Intelsat, Ltd. said that its Intelsat Americas-7 satellite experienced a sudden and unexpected electrical distribution anomaly that caused the permanent loss of the spacecraft on 28 November 2004 at approximately 2:30 am EST. Intelsat has made alternative capacity available to most of its IA-7 customers, many of whom have already had their services restored. The company is working with Space/Systems Loral, the manufacturer of the satellite, to identify the cause of the problem.
The satellite, which operated at 129(degree) West, was launched in September 1999 and covered the continental U.S., Alaska, Hawaii, Canada, Central America, and parts of South America. It was used to provide digital programming in the Cable Zone, direct-to-user programming, and Internet and data applications to North/Central/South America.
Intelsat already has plans to launch the IA-8 satellite, currently scheduled to occur on 17 December 2004. The new satellite will provide 36 Ku-band, and 24 C-band, equivalent transponders to the Intelsat North American fleet and help mitigate the impact of the permanent loss of IA-7.

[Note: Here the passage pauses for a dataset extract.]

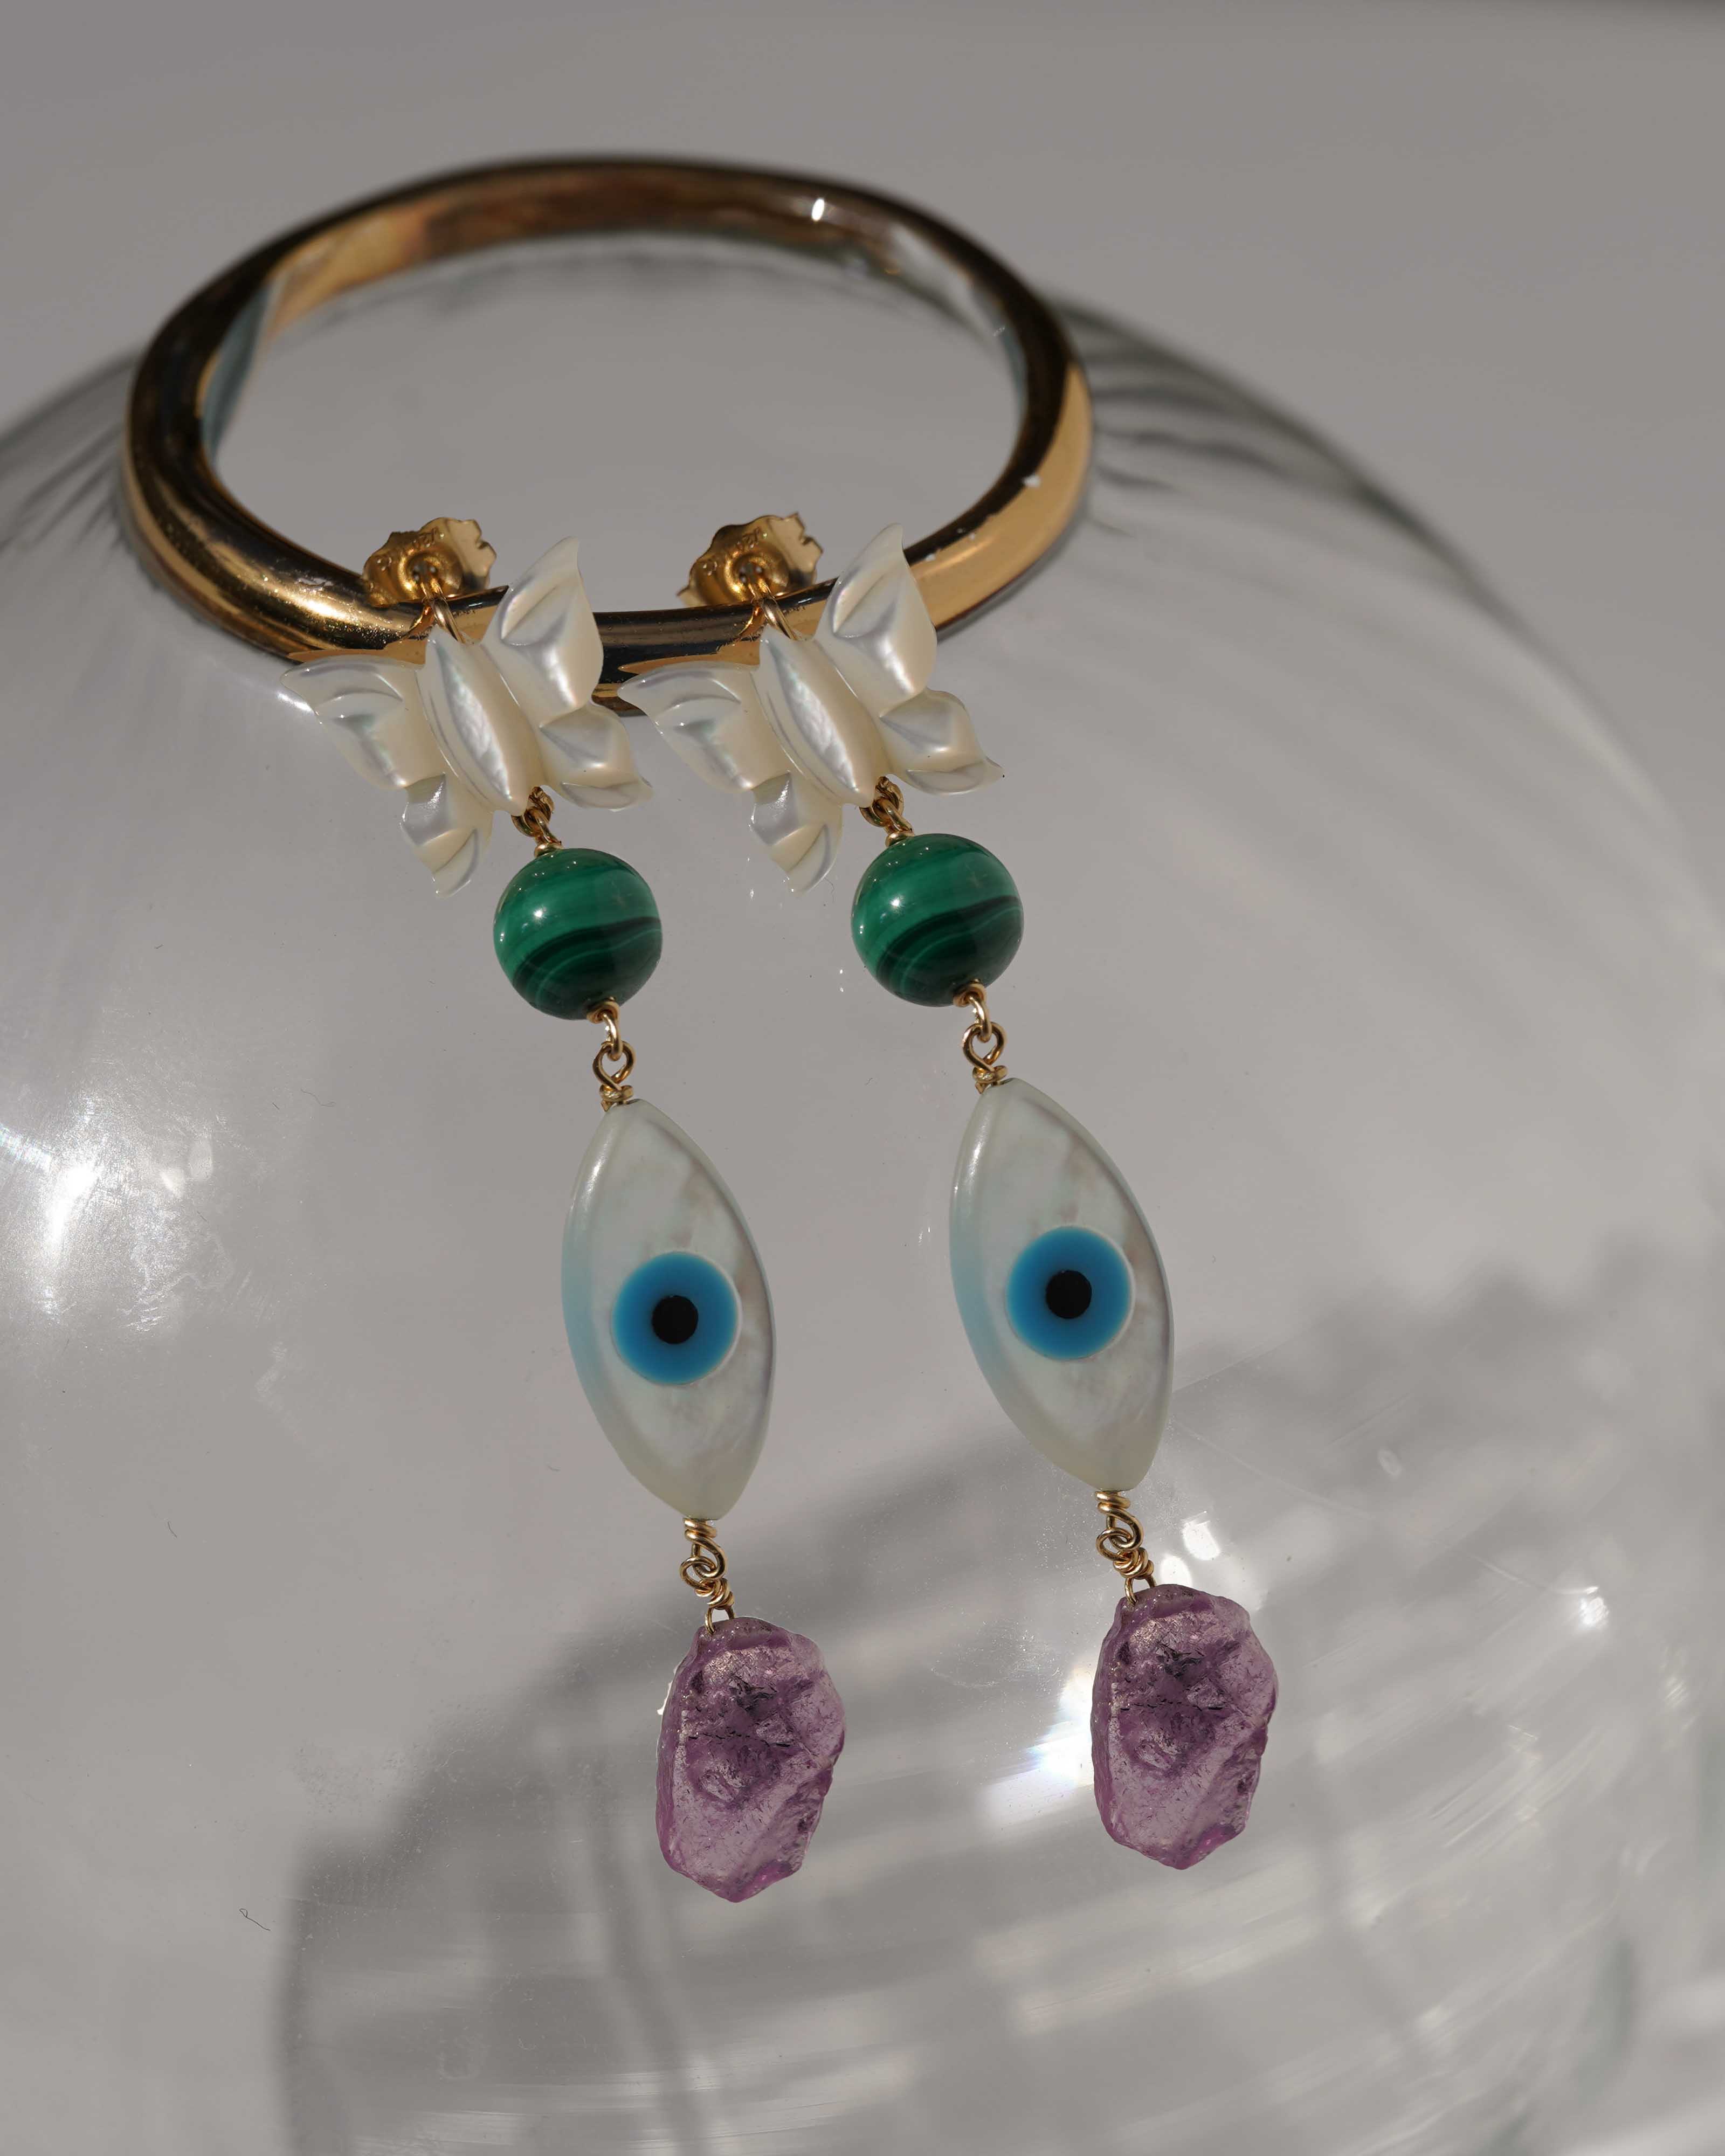 Dulce Earrings by KOZAKH. 3 inch drop dangling earrings, crafted in 14K Gold Filled, featuring a Mother of Pearl Butterfly charm, a round cut Malachite, a hand-carved Mother of Pearl eye charm, and a Pink Tourmaline shard.

Intelsat signed a Transaction Agreement and Plan of Amalgamation for the sale of Intelsat last August 2004, between Intelsat, Ltd., Intelsat (Bermuda), Ltd., Zeus Holdings Limited, Zeus Merger One Limited and Zeus Merger Two Limited. According to the agreement, the total loss of the IA-7 satellite would give the purchasers the right not to consummate the acquisition of Intelsat. The purchaser, Zeus Holdings Limited, has advised Intelsat it is evaluating the impact of the IA-7 failure.